By using omp_get_thread_num() you can retrieve the thread ID which enables you to parametrize the so called "same code" with respect to that thread ID.
Take this example:
A is a 1000-dimensional integer array and you need to sum its values using 2 OpenMP threads.
You would design you code something like this:
int A_dim = 1000
long sum[2] = {0,0}
#pragma omp parallel
{
int threadID = omp_get_thread_num();
int start = threadID * (A_dim / 2)
int end = (threadID + 1) * (A_dim / 2)
for(int i = start; i < end; i++)
sum[threadID] += A[i]
}
start is the lower bound which your thread will start summing from (example: thread #0 will start summing from 0, while thread #1 will start summing from 500).
end is pretty much the same of start, but it's the upper bound of which array index the thread will sum up to (example: thread #0 will sum until 500, summing values from A[0] to A[499], while thread #1 will sum until 1000 is reached, values from A[500] to A[999])
I want to understand what is the point of running same code under different threads. In what kind of cases it can be helpful?
When you are running the same code on different data.
For example, if I want to invert 10 matrices, I might run the matrix inversion code on 10 threads ... to get (ideally) a 10-fold speedup compared to 1 thread and a for loop.
The basic idea of OpenMP is to distribute work. For this you need to create some threads.
The parallel construct creates this number of threads. Afterwards you can distibute/share work with other constructs like omp for or omp task.
A possible benefit of this distinction is e.g. when you have to allocate memory for each thread (i.e. thread-local data).

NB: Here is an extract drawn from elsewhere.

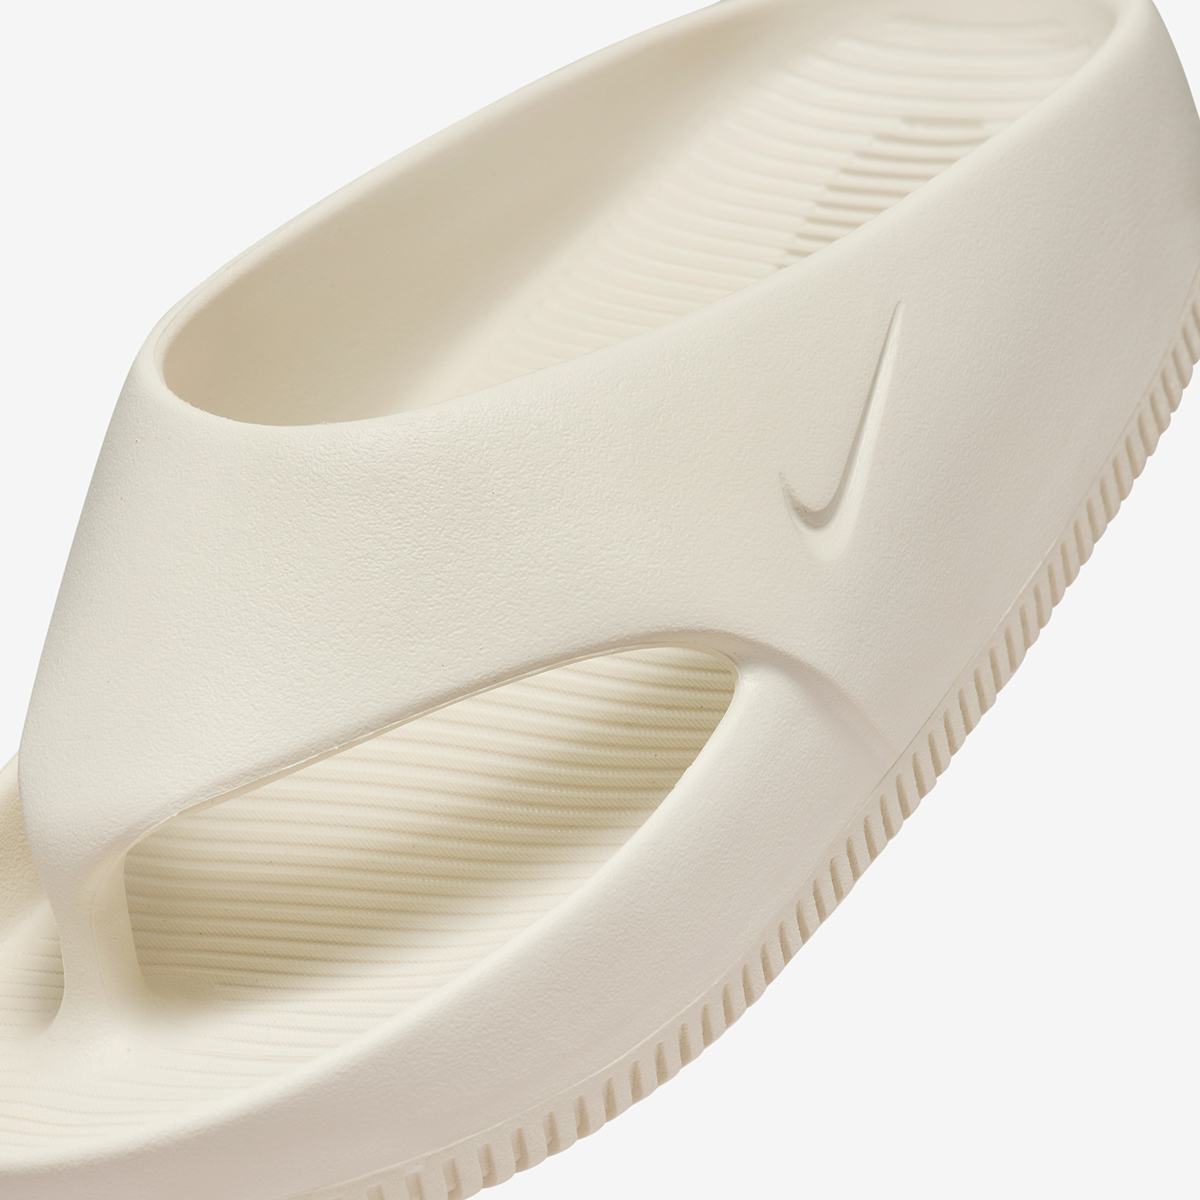 Nike Calm Flip Flop Release Date

I want to understand what is the point of running same code under different threads. In what kind of cases it can be helpful?
One example: in physics you got a random process(collision, initial maxwellian etc) in your code and you need to run the code many times to get the average results, in this case you need to run the same code several times.
I want to replace:
omp_set_lock(&bestTimeSeenSoFar_lock);
temp_bestTimeSeenSoFar = bestTimeSeenSoFar; // this is a read
omp_unset_lock(&bestTimeSeenSoFar_lock);
...
omp_set_lock(&bestTimeSeenSoFar_lock);
// update/write bestTimeSeenSoFar
omp_unset_lock(&bestTimeSeenSoFar_lock);
with code that will allow multiple threads to be reading the variable at once UNLESS a thread is trying to write, in which case they wait until the write is done. Help?
What about using something like this?
#pragma flush( bestTimeSeenSoFar )
#pragma omp atomic read
temp_bestTimeSeenSoFar = bestTimeSeenSoFar;
...
#pragma omp atomic write
bestTimeSeenSoFar = whatever;
#pragma flush( bestTimeSeenSoFar )
My reading to the OpenMP standard chapter 2.12.6 dealing with atomic doesn't permit me to decide whether this will perform exactly what you want, but this is the best / closest I can come up with. Moreover, even if this might work in theory, it will be highly dependant on the quality of the implementation of this feature within your compiler. So it not working for you won't necessarily imply that the idea is wrong.
Anyway, I would encourage you to give it a try and, please please, to report if it works for you.